Para André Costa Jorge, antropólogo de formação, depois de a guerra ter regressado à Europa, a 24 de fevereiro, com a invasão da Ucrânia pela Rússia, a chegada dos refugiados veio alterar essa perceção. “Esta é a melhor notícia que aconteceu nesta área”, sublinhou, destacando que, de uma forma geral, a disponibilidade para o acolhimento tem sido “muito diferente”, nomeadamente dos atores políticos a nível local, mas também dos empregadores.

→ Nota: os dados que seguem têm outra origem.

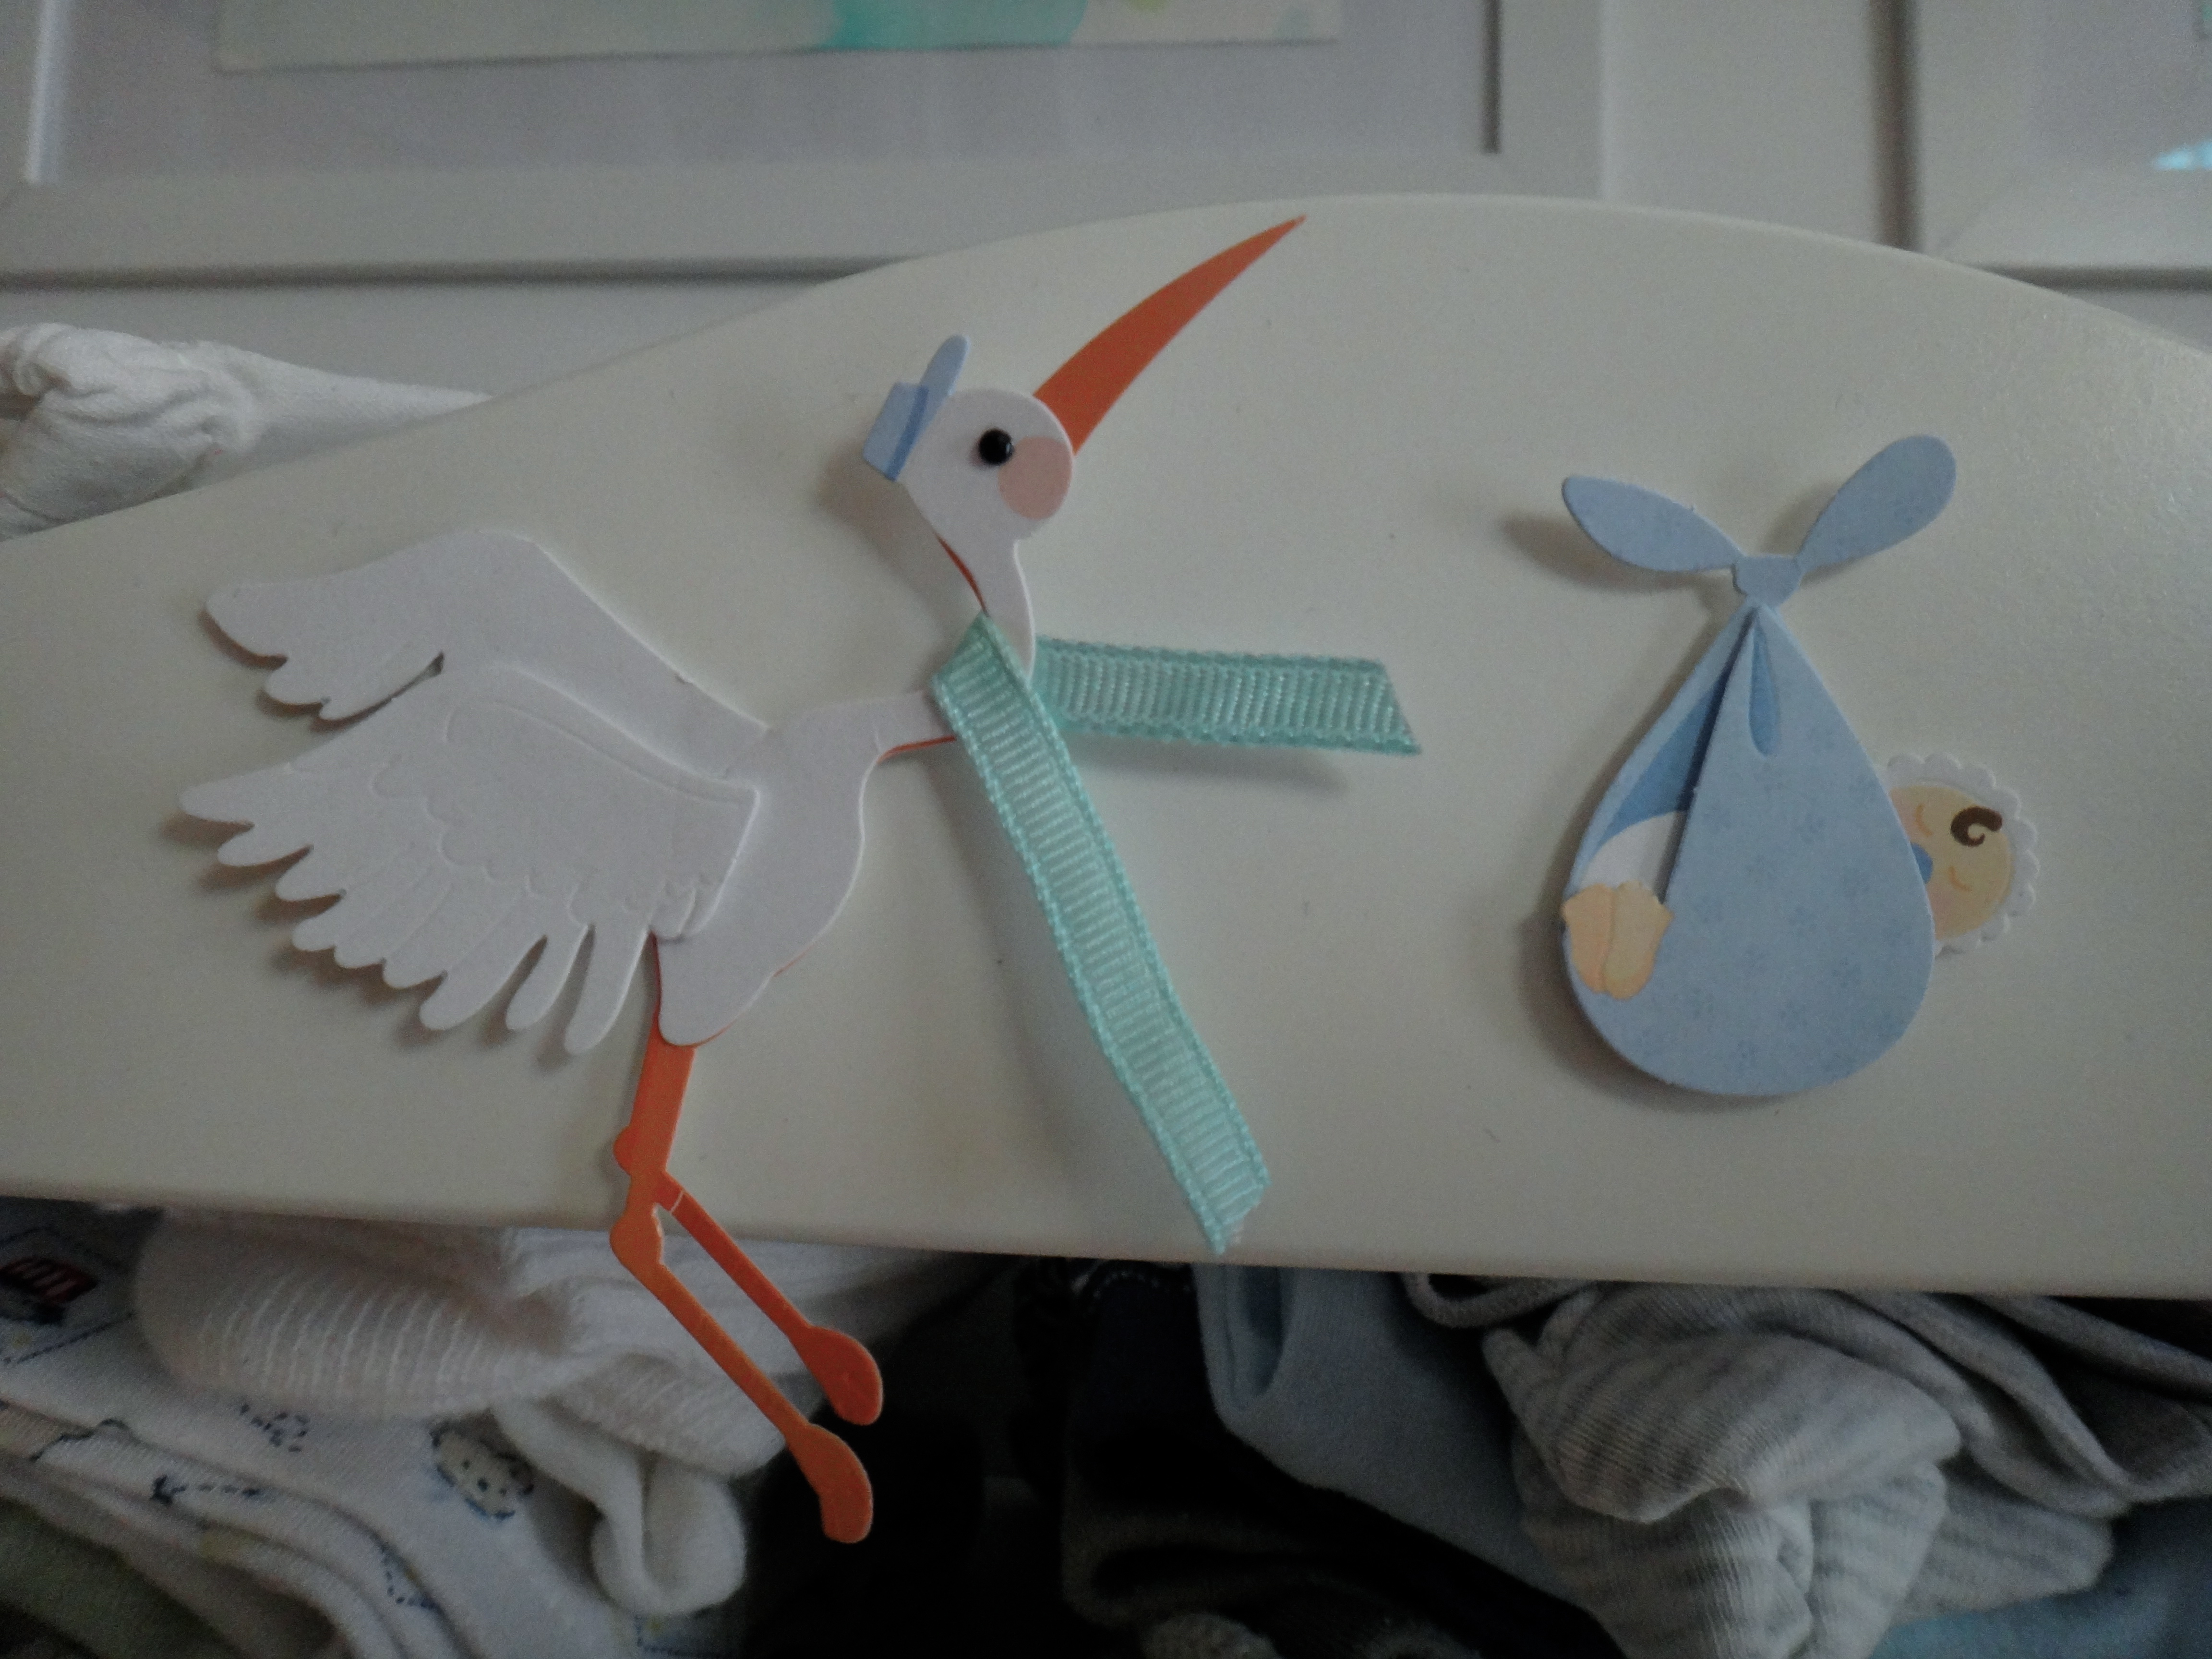 ♡ Préparer la valise pour la maternité c'est pas si compliqué ?  ♡ Préparer la valise pour la maternité c'est pas si compliqué ?  ♡ Préparer la valise pour la maternité c'est pas si compliqué ?  ♡ Préparer la valise pour la maternité c'est pas si compliqué ?  ♡ Préparer la valise pour la maternité c'est pas si compliqué ?  ♡ Préparer la valise pour la maternité c'est pas si compliqué ?  ♡ Préparer la valise pour la maternité c'est pas si compliqué ?  ♡ Préparer la valise pour la maternité c'est pas si compliqué ?  ♡ Préparer la valise pour la maternité c'est pas si compliqué ?  ♡ Préparer la valise pour la maternité c'est pas si compliqué ?  ♡ Préparer la valise pour la maternité c'est pas si compliqué ?  ♡ Préparer la valise pour la maternité c'est pas si compliqué ?  ♡ Préparer la valise pour la maternité c'est pas si compliqué ?  ♡ Préparer la valise pour la maternité c'est pas si compliqué ?

“A boa notícia é que para o cidadão comum, para o autarca comum, para o empresário comum – porque há muitas empresas envolvidas neste processo de acolhimento -, este acontecimento toca-nos a todos, diz respeito a nós”, referiu: “Isso é muito importante, porque conseguimos a partir desta experiência que as pessoas estão a viver (…) alargar as respostas para outros refugiados, para quem não havia soluções há dois meses, de habitação, não havia grandes soluções de empregabilidade e não havia grande disponibilidade da sociedade para conhecer e contactar. A partir destes acontecimentos, está a haver essa disponibilidade”.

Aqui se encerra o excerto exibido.